Bruce Wilkinson has served as the President and CEO of CMMB for the past eight years. With his retirement approaching this September, Bruce sat down with our interns to reflect on his time with CMMB and share his advice for young professionals in the development field. 

What experiences prepared you to become the CEO of CMMB?

My background is in economics, linguistics, and anthropology, but my real passion has always been helping others. Before CMMB, I lived in Africa, running programs in child survival and HIV/AIDS programs. During that time I founded six non-profit boards, giving me the skills to determine what assets are needed in selecting board members.

When I became CEO at CMMB, I was able to tie in both my academic background and my passion. During the eight years that followed, I learned to work with different stakeholders and encourage them to support our mission.

How did earning an MBA impact your career?

It was super attractive and an icebreaker in career development. I’m not sure if it has the same impact today, but it gives you a great foundation and exposure to what’s relevant to run a business.

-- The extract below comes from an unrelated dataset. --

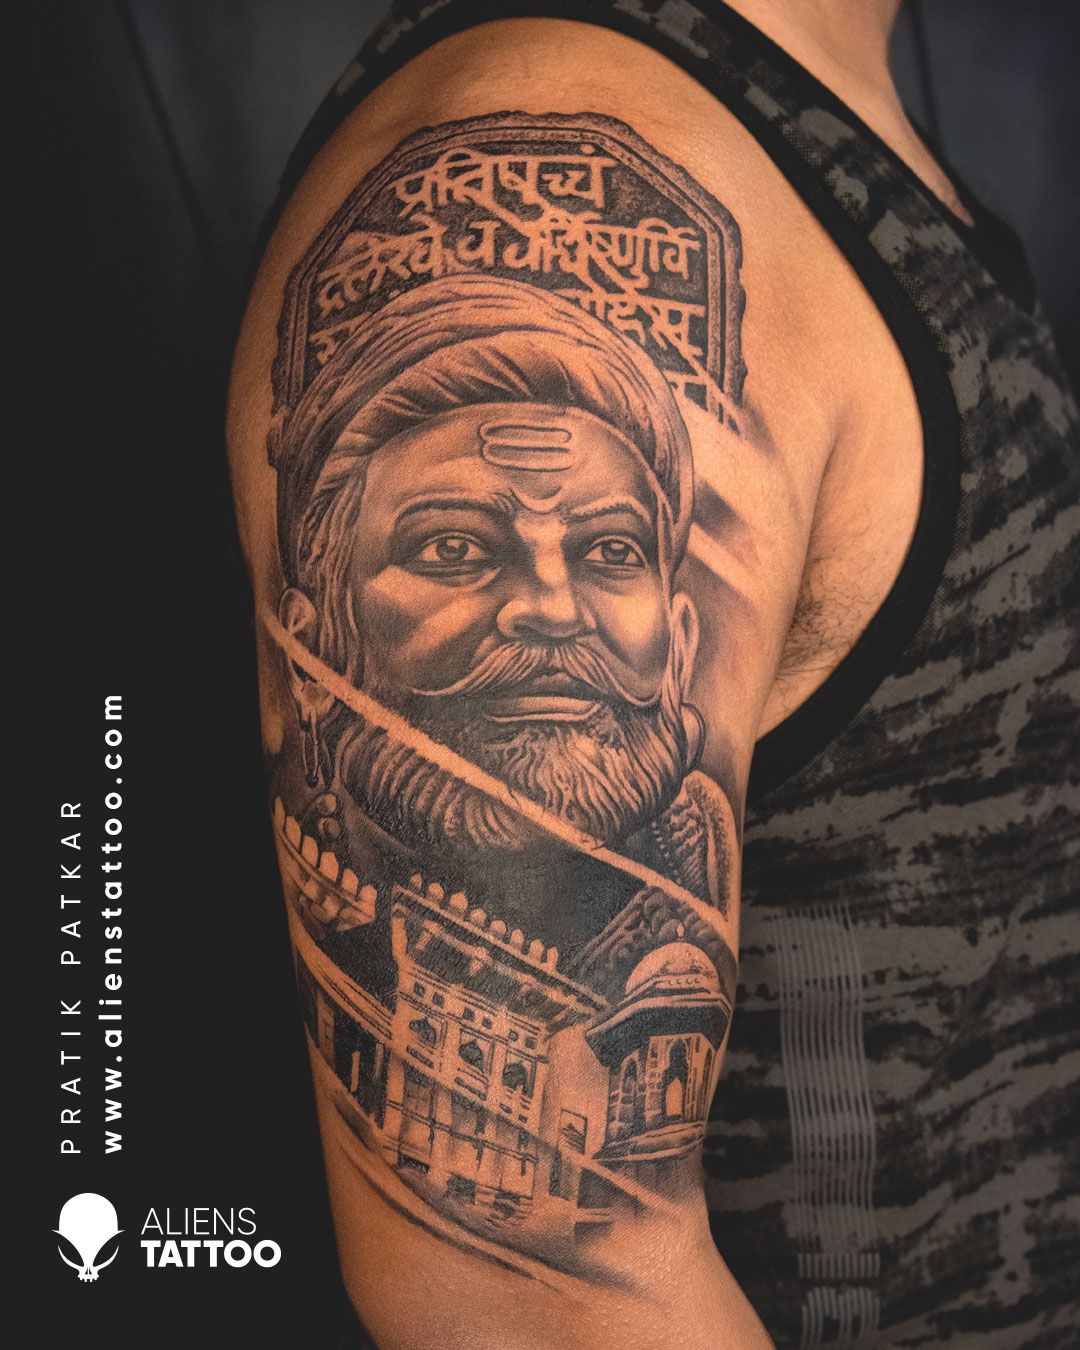 Lillys Fine Tattoo  Chatrapati Shivaji Maharaj Tattoo by deepakvetal5  at lillysfinetattoo chatrapatishivajimaharaj shivajimaharajtattoo  sleeve tattoos tattoo design likeyou  Facebook
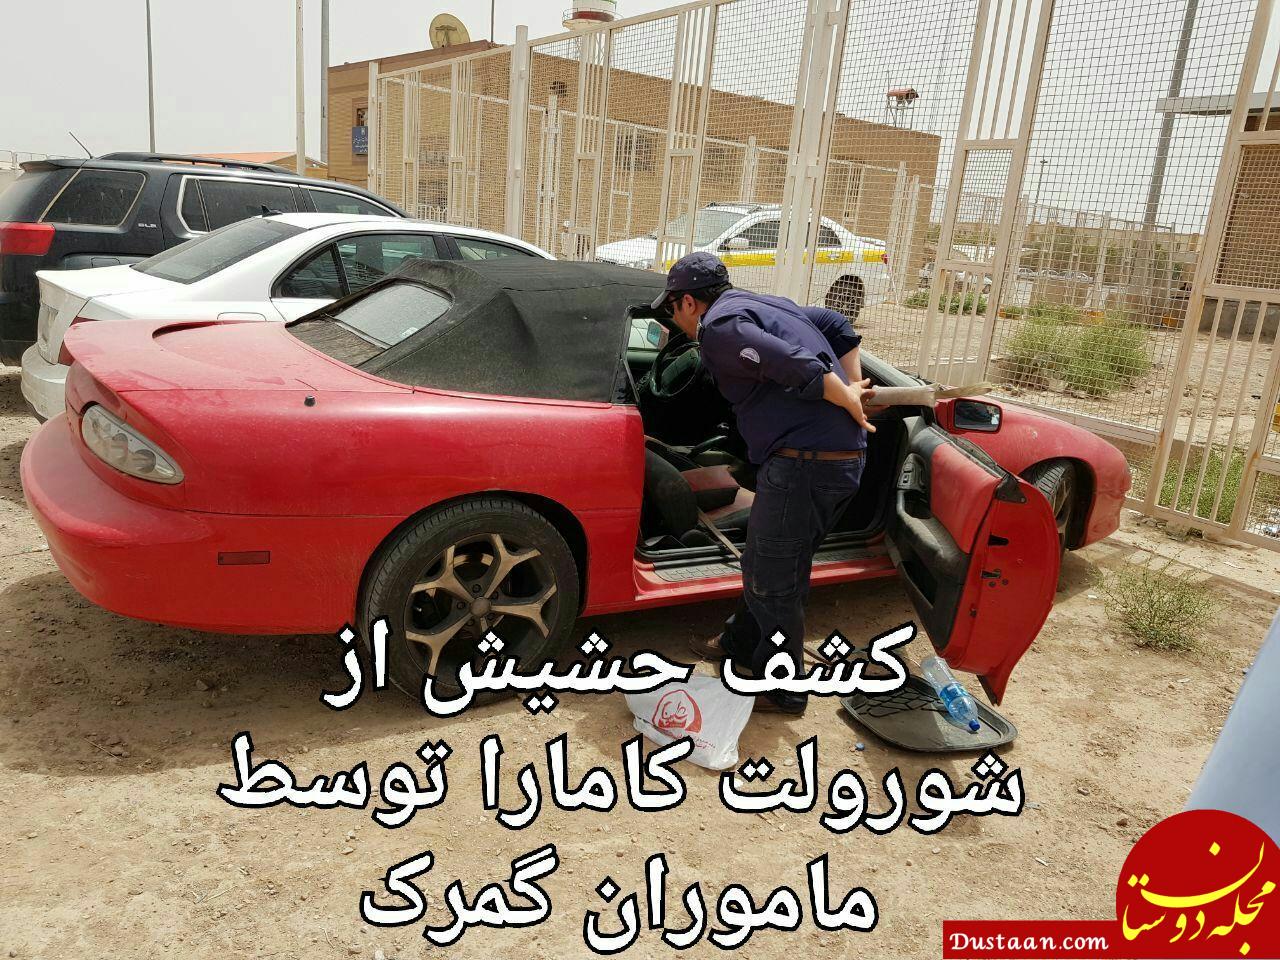 www.dustaan.com کشف حشیش از خودروی لوکس! +عکس

Administrators, donors, and organizations in the nonprofit world like leaders that know the business side of our work. It gives a certain confidence that is helpful.

Bruce talks to the volunteers at the orientation.

Did you always know what area of development you wanted to pursue a career in?

When I went to the Peace Corps after college, I was patient in finding an opportunity that matched what I wanted to do. I held out for the right opportunity—an agricultural development program. The experience taught me how to be  patient and discerning with my path.

Years later, when I was in Washington D.C., I was given the opportunity to work in Africa. Somebody told me it would be “career suicide” since I had everything I needed with my current job. Keeping my own values in mind, I decided to take a leap of faith and change my career. With the humility and compassion I learned from the Peace Corps, I felt like there was more I could do in Africa. I made a difference that could only be done in person. It was probably one of the best career decisions I’ve made.

It aligned with my values. It was humbling and a way of finding my place. I encourage you to follow that pathway to deeper meaning.

Dr. Tom and Bruce Wilkinson

Dr. Tom Catena and Bruce Wilkinson

What skills do you need for success in the real world? 

My encouragement for you all is to be lifelong learners. It builds your character when you are faced with a new environment and new challenges. Also, I recognize the necessity of learning soft skills, which includes shaping ideas from perspectives that are not necessarily your own. It ties back to your values.

Your values will drive the person you become and allow you to form the career you want to pursue.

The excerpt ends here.